Windows Phone 7 developer device
Microsoft is planning to unveil and detail a second Windows Phone 7 update in February.
The software giant has chosen the Mobile World Congress venue according to sources familiar with the plans. Microsoft CEO Steve Ballmer is due to hold a keynote at the event and Microsoft’s press event will mark a year from when the company first unveiled Windows Phone 7 to the world. According to a source who spoke to WinRumors, Microsoft’s second update will be a significant one. The company is currently planning to unveil a first update, to introduce copy and paste functionality, in January at the Consumer Electronics Show (CES). Microsoft recently began distributing the copy and paste update to developer devices (see video here).
Microsoft’s second update will introduce enhanced developer controls for applications. Microsoft is expected to open up several new APIs that will allow for greater multi-tasking, in-app downloads and better customization for end users. Microsoft is currently compiling beta builds of the update and has shipped some early bits to external beta testers. One tester, who did not want to be named, claimed the update will excite developers. “The update includes some great new features for developers, Windows Phone 7 apps in 2011 will certainly become more interesting.”
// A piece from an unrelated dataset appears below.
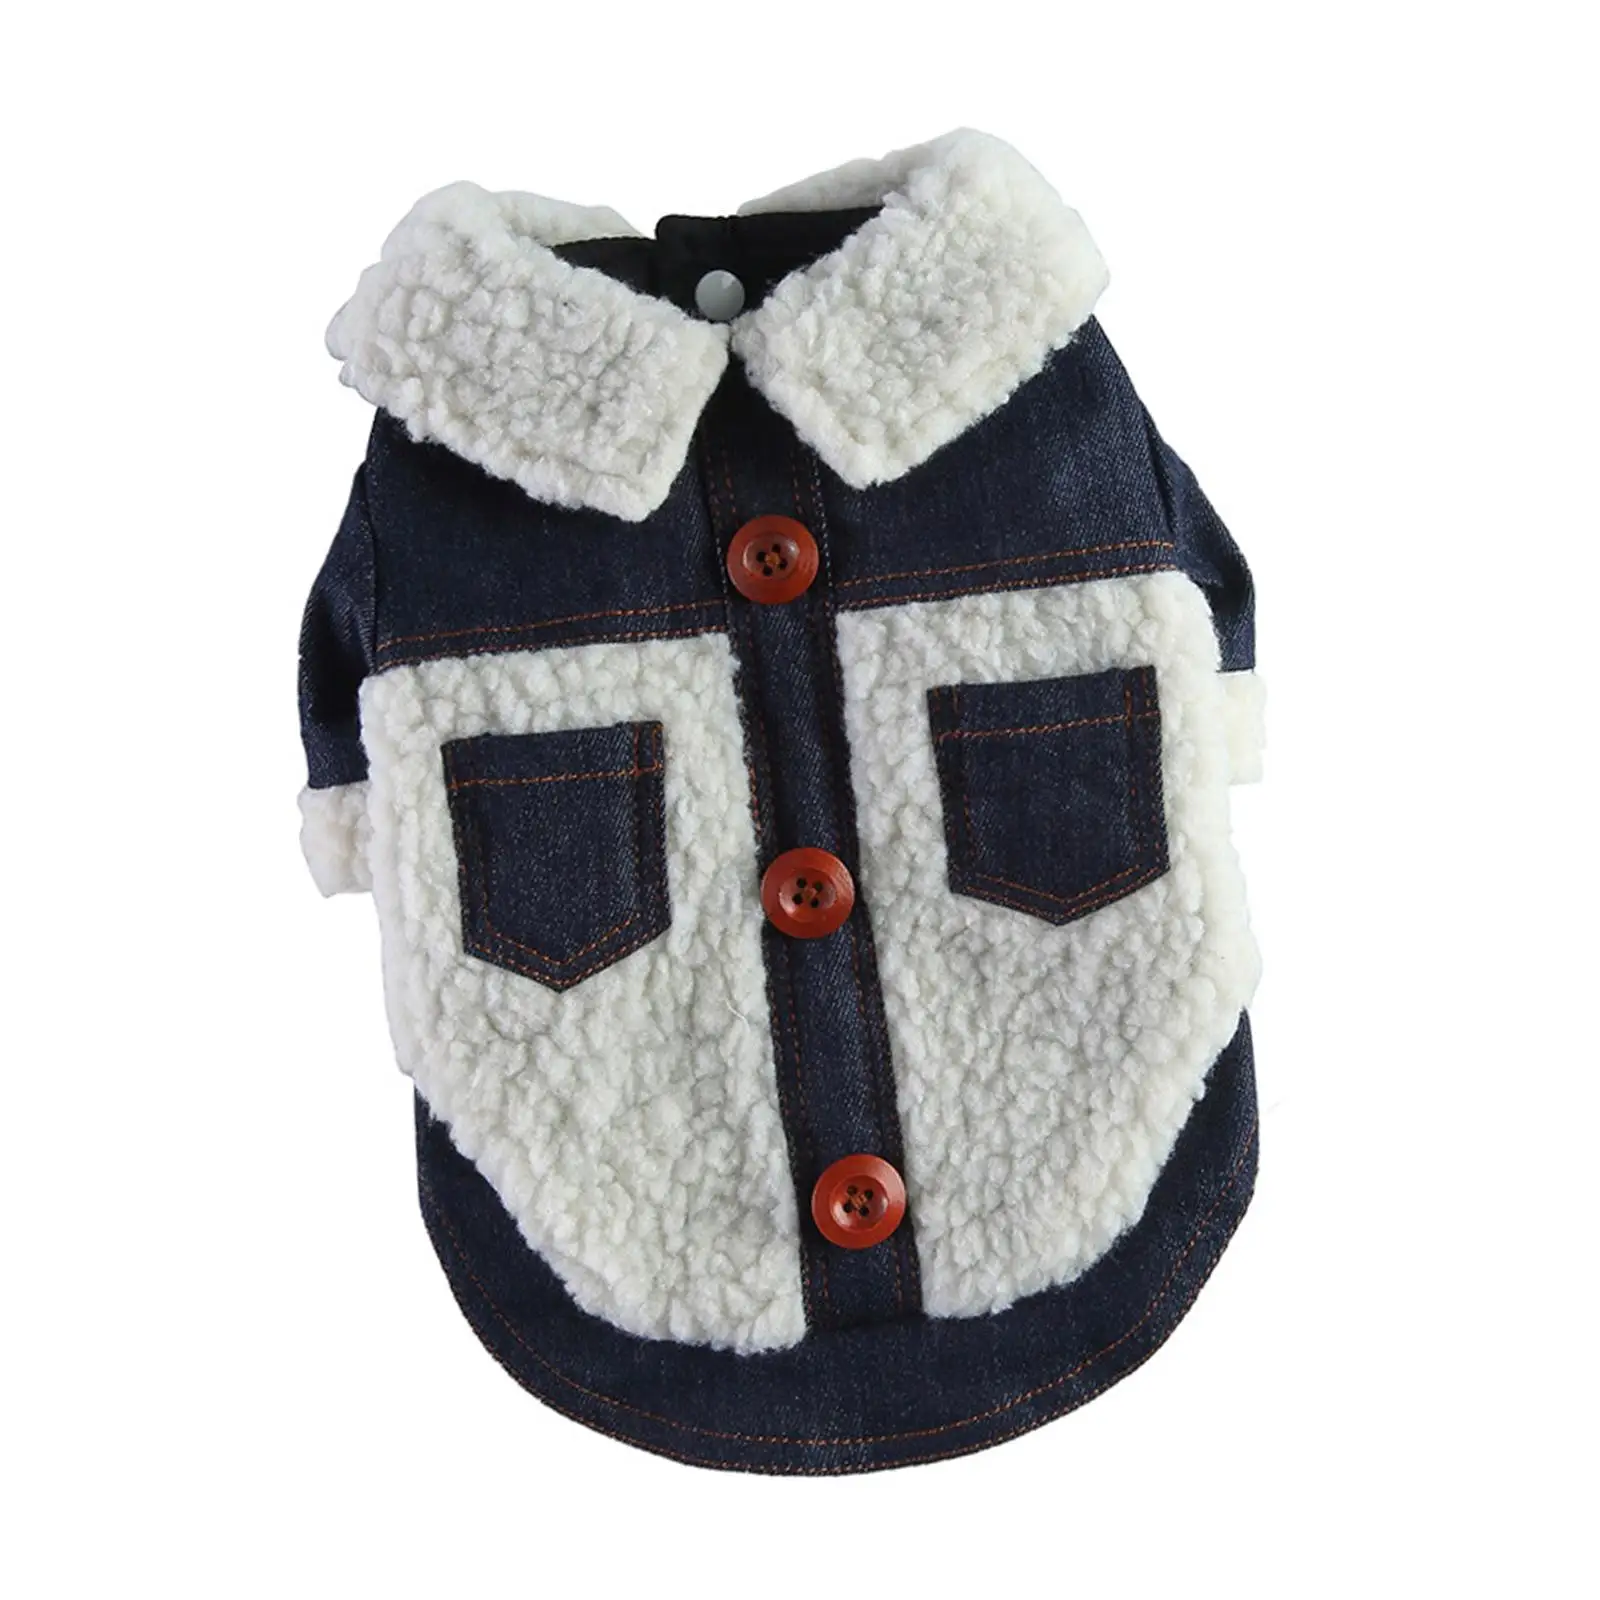 Denim Fleece dog Jacket with Pockets Puppy Jacket Pet Winter Clothes Fall Outfit for Walking Hiking Small Dogs Travel

Microsoft is also set to unveil its plans for a Silverlight update to Windows Phone 7 at Mobile World Congress. Brian Keller, Senior Technical Evangelist for Visual Studio application lifecycle management at Microsoft hinted at Microsoft’s future Silverlight plans in a recent Channel 9 interview. When questioned over any Windows Phone 7 Silverlight news Keller replied “I think we are saving those, for say another event. If only there was a massive event in Barcelona on mobile phones and or other events in the future.”
Microsoft is also working on a major overhaul of the Windows Phone 7 browser. In a job posting, listed in November, the software maker promises a “major overhaul of standard support and new approaches to make significant advances in performance, power consumption and bandwidth utilization.” It’s possible that part of the overhaul could be seen in the point release in February but most of the significant changes will be reserved for the upcoming Windows Phone 8 update.